Pierre-André Taguieff – Si Gérard Filoche n’est pas l’auteur de ce montage à connotation antisémite (dû à Alain Soral), il a en tout cas immédiatement adhéré au message qu’il véhicule, un message mélangeant antisionisme radical et antiaméricanisme grossier. La centralité du motif antijuif n’est en effet pas niable : le drapeau israélien et le portrait de trois juifs supposés riches montrent l’assimilation des juifs à la finance. Dans le détail, ce visuel évoque trois amalgames polémiques : « Israël = sionisme = racisme », « juifs = argent » et « juifs = puissance de manipulation ». Les juifs sont accusés, d’après ce photomontage, d’être des racistes, des prédateurs de la finance et des manipulateurs, Macron étant leur marionnette.

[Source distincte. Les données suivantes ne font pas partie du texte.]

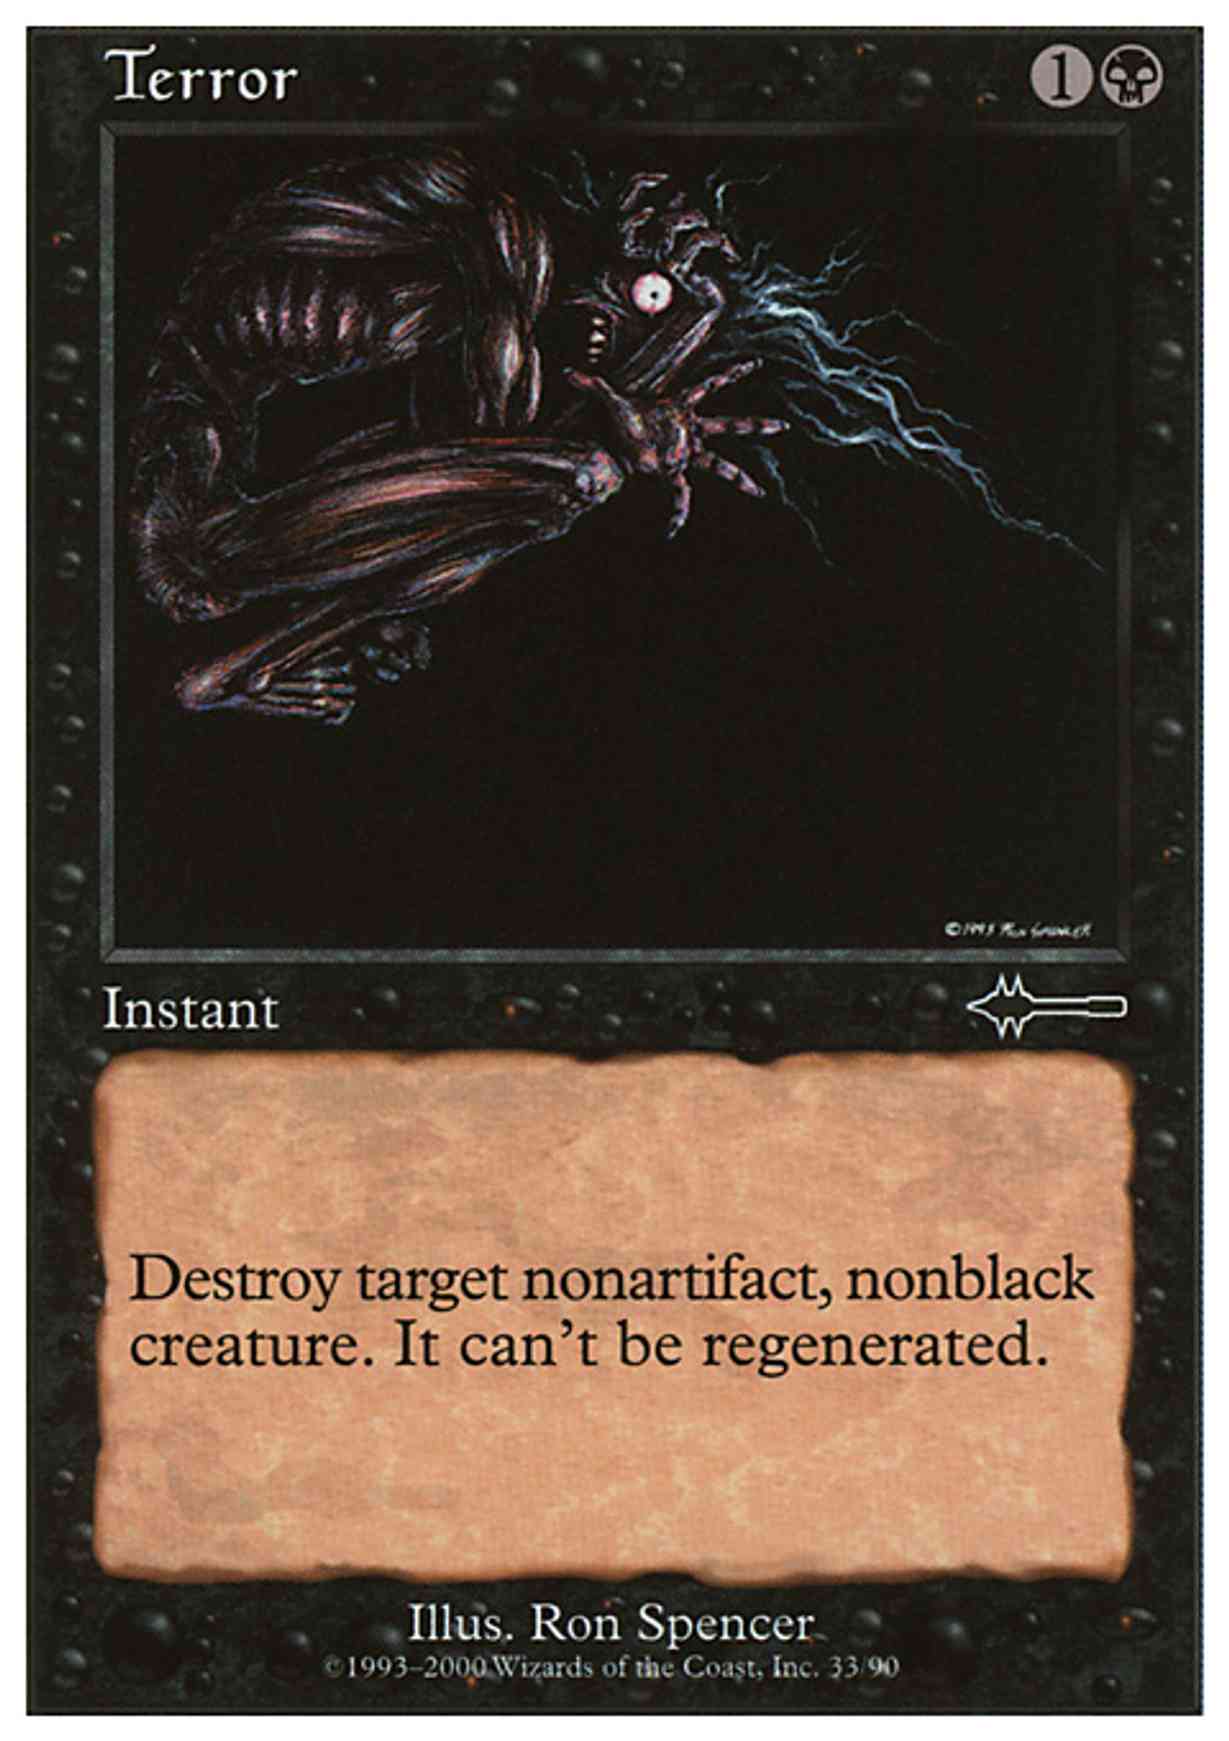 Terror magic card front

Au-delà de l’image, l’homme lui-même est emblématique puisque Gérard Filoche représentait, jusqu’à son exclusion en cours, l’aile gauche du Parti socialiste. Manifestement, il a tweeté sous le coup de la séduction : il semble avoir retrouvé sa vision du monde dans ce photomontage anti-juif. Cette mixture douteuse ne l’a pas gêné, elle l’a séduit au point de lui faire négliger toute prudence, dans un domaine où des responsables politiques agissent, en principe, selon l’éthique de la responsabilité. Gérard Filoche a ici oublié toute responsabilité au profit de la diffusion de ses convictions profondes.

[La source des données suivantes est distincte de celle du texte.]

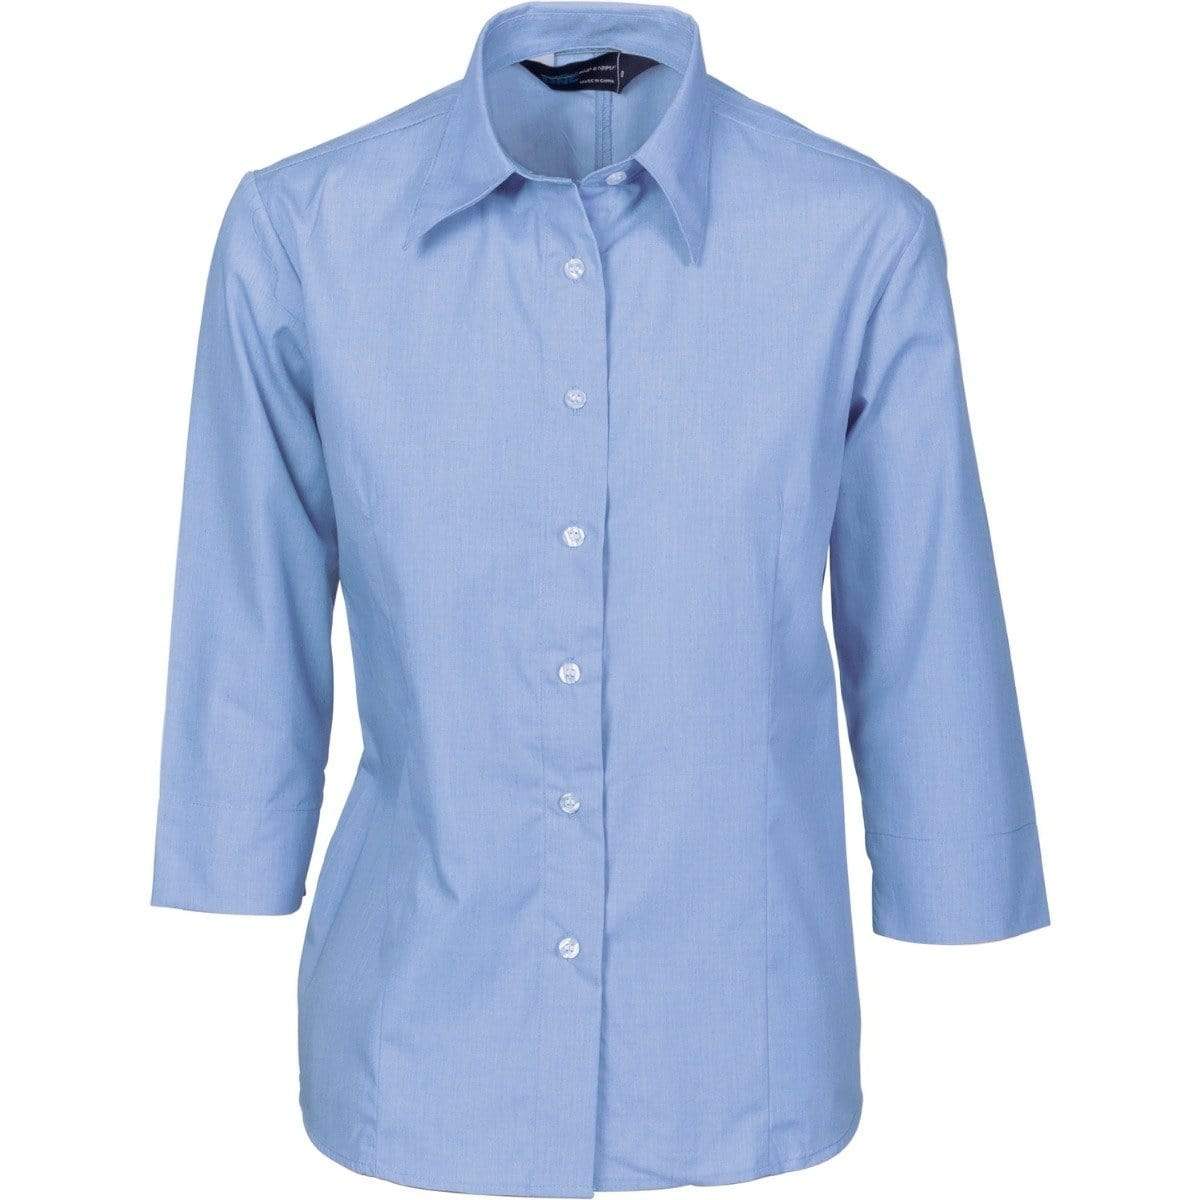 Dnc Workwear Regular Collar 3/4 Sleeve Blouse - 4213 Corporate Wear DNC Workwear Blue Chambray 6

Cette affaire joue le rôle d’un dévoilement. Elle révèle des choses cachées depuis les origines du socialisme. Aujourd’hui, on pense souvent à l’antisémitisme nationaliste ou raciste, en oubliant la phase révolutionnaire, socialiste, anarchiste et communiste de l’antisémitisme au XIXe siècle. Or l’antisémitisme révolutionnaire et anticapitaliste, qui commence en France avec Fourier, Toussenel et Proudhon, a précédé l’antisémitisme nationaliste. Le mythe répulsif du juif comme parasite social et prédateur, cette invention de l’anticapitalisme révolutionnaire, y a pris place, à côté de la figure du juif comme principe de dissolution des nations. L’affaire du tweet de Gérard Filoche rappelle à ceux qui ne connaissent pas l’histoire des doctrines et des mentalités antijuives l’un des moments fondateurs de la haine des juifs dans le monde moderne.
Revue des Deux Mondes – Tweet de Gérard Filoche, deuxième profanation de la stèle dressée à la mémoire d’Ilan Halimi début novembre, vague d’antisémitisme sur fond de complot judéo-sioniste dans l’affaire Tariq Ramadan… Qu’est-ce que ces épisodes récents nous disent du climat d’aujourd’hui ?

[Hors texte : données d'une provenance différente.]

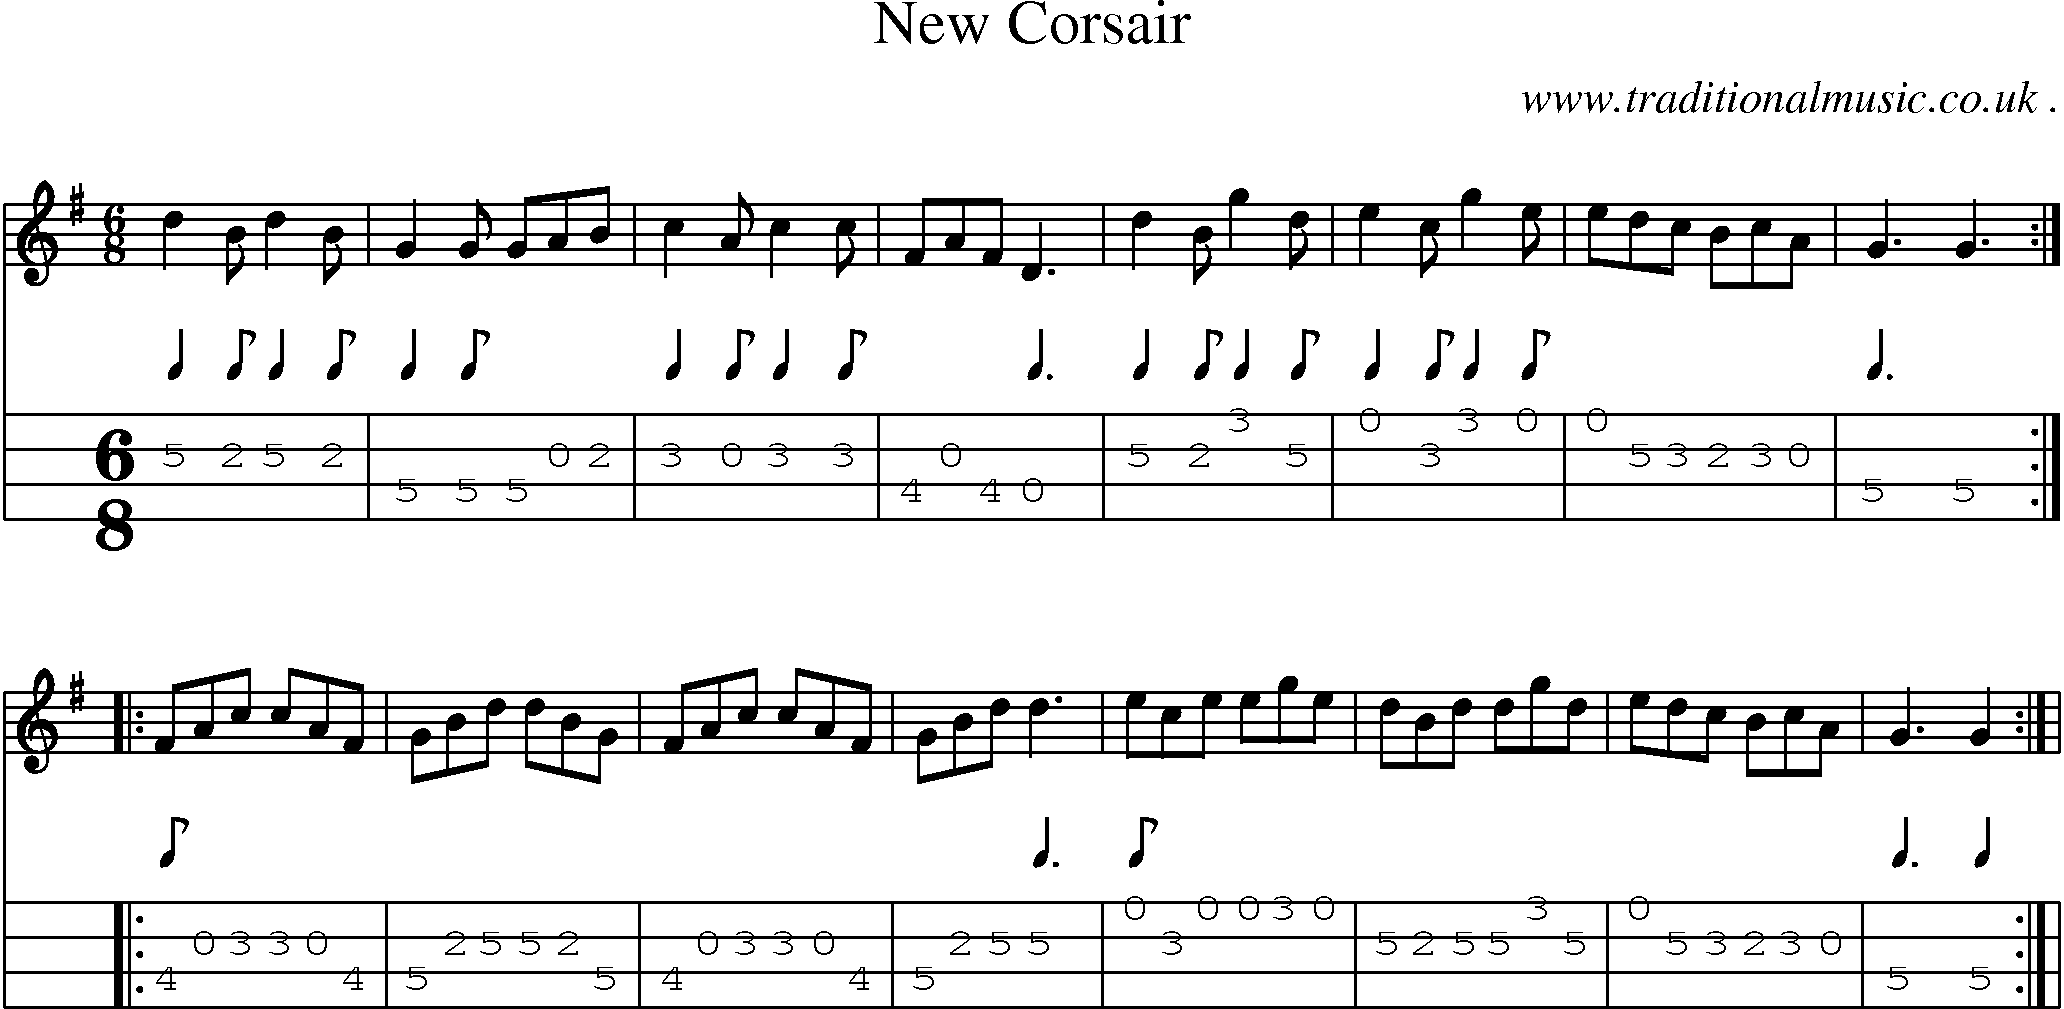 Sheet-Music and Mandolin Tabs for New Corsair

Pierre-André Taguieff – La vulgate antijuive est aujourd’hui bien installée, surtout à l’extrême gauche et dans les milieux islamistes. Il n’y a là rien de véritablement nouveau, mais simplement la confirmation de la grande diffusion des thèmes centrés sur la diabolisation des juifs, notamment grâce aux réseaux sociaux qui sont le principal vecteur des insultes et des menaces antijuives, et plus largement de tout ce qui est de l’ordre des rumeurs malveillantes et des récits de complot.
Il est intéressant d’observer que, dans la situation que nous connaissons en ce moment, l’extrême droite est assez peu mobilisée, notamment du fait qu’elle a le regard tourné vers l’immigration d’origine extra-européenne et ce qu’elle perçoit comme une islamisation des nations européennes. Si des marginaux de l’extrême droite, comme les réseaux d’Alain Soral ou les animateurs de l’hebdomadaire Rivarol, sont impliqués dans la mobilisation antijuive actuelle, l’extrême gauche, alliée avec les milieux islamistes dans l’agitation « antisioniste », joue un rôle infiniment plus important.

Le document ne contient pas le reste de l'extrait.